# tour of britain



## roadrash (29 May 2019)

For anyone interested, here is the route, no doubt giving rise to the usual moans of , "well it doesn't cover much of Britain does it"
good news for me as the final stage passes through wigan and finishes on deansgate ,Manchester .

anyone planning on going watching
.https://www.tourofbritain.co.uk/


----------



## Oldfentiger (29 May 2019)

Ramsbottom Rake on the last stage. That’s a stiff climb, but I think finding a spectating spot may be equally challenging.


----------



## rich p (29 May 2019)

It doesn't go past my living room window so I won't watch it ..


----------



## mjr (29 May 2019)

Look at it! Far too much freewheeling downhill! They've not included the challenge of pedalling six hours continuously around the fens. Rubbish! 


View: https://mobile.twitter.com/BritishCycling/status/1133681496206790657


----------



## Flying_Monkey (29 May 2019)

The Berwick to Newcastle stage will be beautiful, and the finish is going to be an evil uphill sprint - a real shame we aren't living in the area any more.


----------



## Rooster1 (29 May 2019)

Womens tour near me next week but I can't go and watch sadly


----------



## ColinJ (29 May 2019)

roadrash said:


> For anyone interested, here is the route, no doubt giving rise to the usual moans of , "well it doesn't cover much of Britain does it"
> good news for me as the final stage passes through wigan and finishes on deansgate ,Manchester .
> 
> anyone planning on going watching
> .https://www.tourofbritain.co.uk/


Judging from my experience of watching a race finish there years ago, *don't go by bike*! 



ColinJ said:


> I went to watch a circuit race in Manchester City Centre once. I walked down the length of Deansgate and there was a nice bike locked to nearly every lampost, traffic sign, and bus stop. I walked the circuit and by the time I got back somebody had trashed every bike wheel.
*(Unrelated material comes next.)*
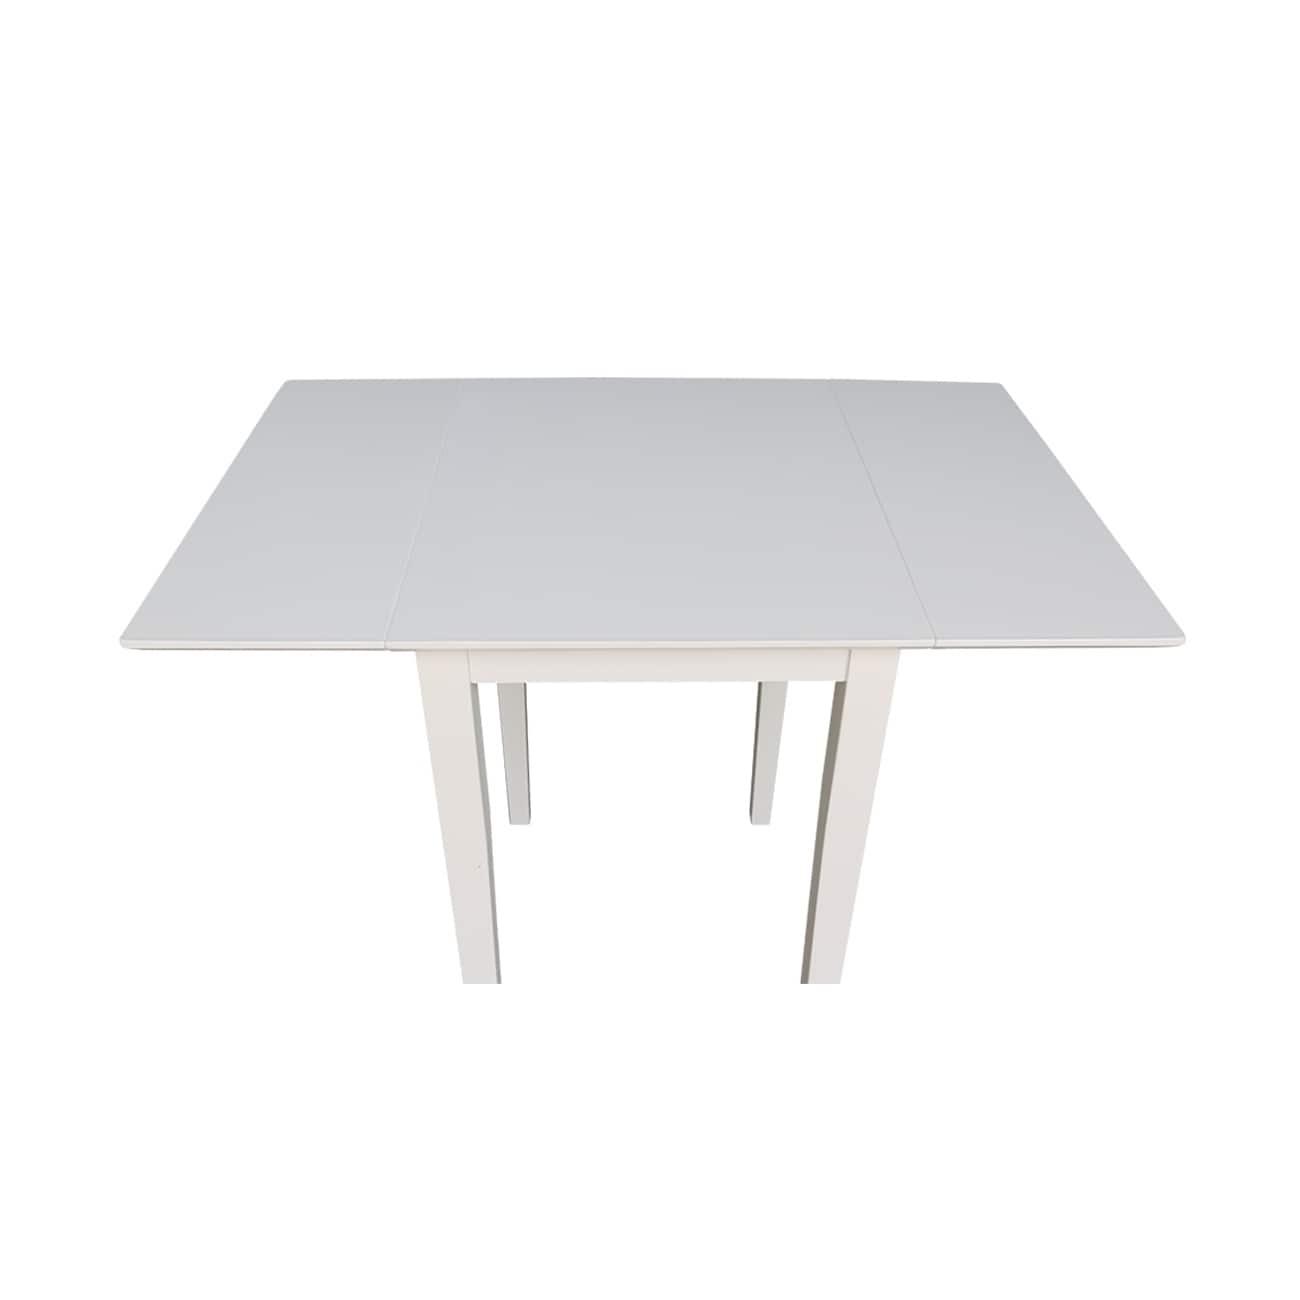 Den Mandel White Small Dropleaf Table

There was a crowd of thousands, but that didn't stop the idiots doing it!


----------



## johnblack (29 May 2019)

Three circuits of Burton Dassett Country Park will be good for me, great short steep climb and only an hour on the bike from me, plus it's a Friday, so long weekend.


----------



## roadrash (29 May 2019)

im not planning on going to the final stage in Manchester , it will be manic, I will watch them go through wigan, and I will go to see the finish of stage 4 at kendal, as I have done previously, cracking uphill finish at beast bank which is 11%.
if anyone from anywhere near me (within 20 mile of wigan) wants to go to the finish at kendal, I will have room in the car.


----------



## furball (29 May 2019)

A finish in my home town. Hurrah, might get some pot holes filled in.


----------



## fossyant (29 May 2019)

Its near home for a change. Less than a mile. Werneth Low is a nasty climb. Will MTB it up there then pop home and catch the train into Manchester for beers.


----------



## nickyboy (29 May 2019)

fossyant said:


> Its near home for a change. Less than a mile. Werneth Low is a nasty climb. Will MTB it up there then pop home and catch the train into Manchester for beers.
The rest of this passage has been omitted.